GuaGAN2’s release for the word “Þingvellir” was in the spirit of the old Icelandic landscape. Tiernan Ray / / Nvidia

Adding the word “volcano” we get another striking landscape, less realistic, more surreal.

thingvellir-volcano.png

GuaGAN2 automatic exit for “Þingvellir-volcano”. Tiernan Ray / / Nvidia

The addition of a bold word, like “Tech,” shook up the landscape even more, adding some bizarre and absurd figures.

thingvellir-technology-2.png

GauGAN2 automatic output for phrase “Þingvellir technology”. Tiernan Ray / / Nvidia

Instead of sending a photo of a landscape, you can draw it, as was the case in the original GauGAN. Again, choosing something that does not match the demonstration, a drawing not of a landscape but of a person’s head, gives more interesting results.

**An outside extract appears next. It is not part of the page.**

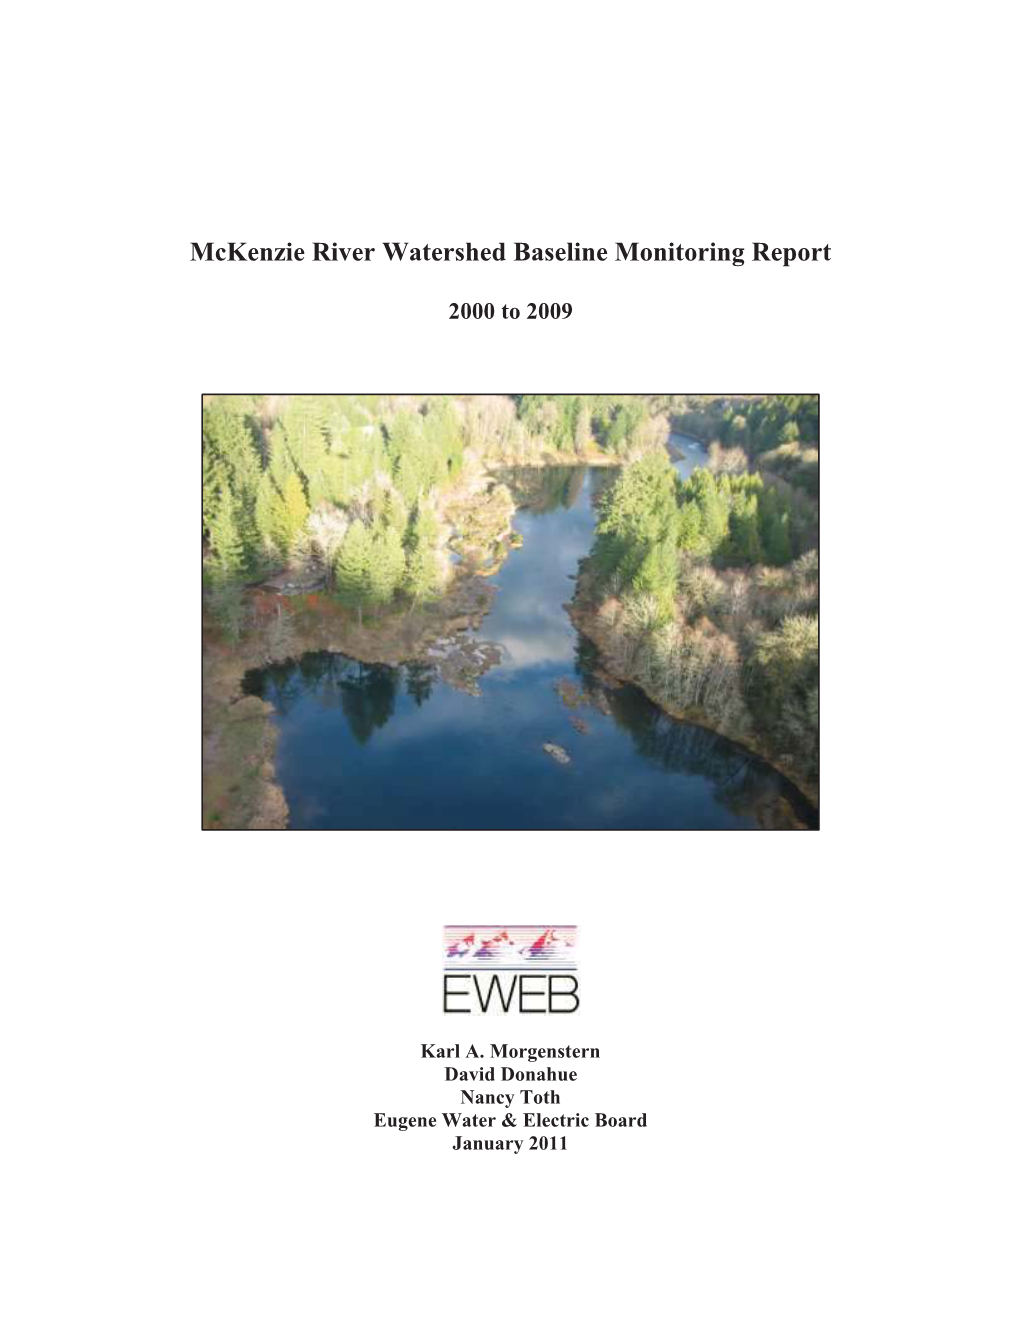 Lower Mckenzie River Watershed
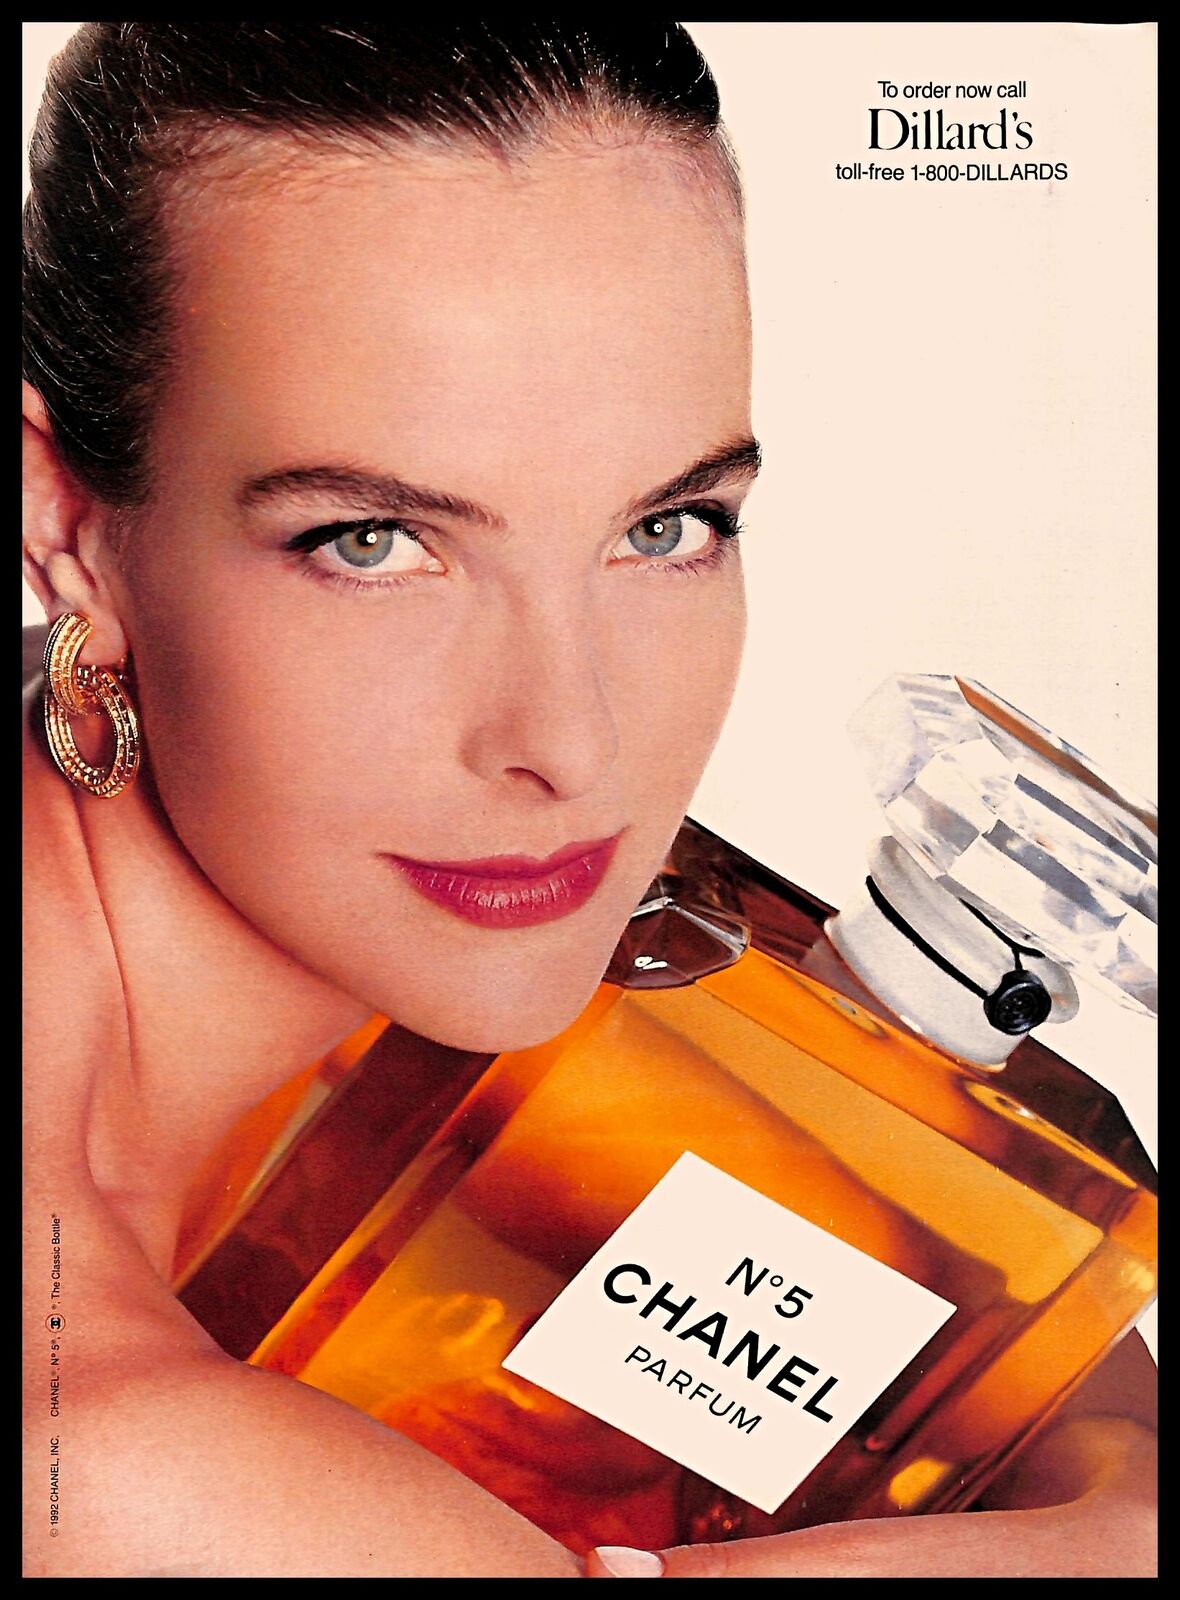 1993 Chanel No 5 Perfume Vintage PRINT AD Fragrance Scent Cologne Classic  Bottle | eBay

The face can be peeled again, if desired, using the mash-up function. Rolling the dice, you get interesting variations.

self portrait.jpg

drawing directly in GauGAN2. Tiernan Ray / / Nvidia

output-gaugan-jpg-10.png

Drawing a redesigned head using the layering feature in GauGAN2. Tiernan Ray / / Nvidia

output-gaugan-jpg-19.png

Drawing of a redesigned head using GauGAN2’s layering feature. Tiernan Ray / / Nvidia

The combination of the design with the word “Þingvellir” produced subtle changes, as did the addition of additional words such as “volcano” and “rift”. The image has been reworked to have a volcano-like texture.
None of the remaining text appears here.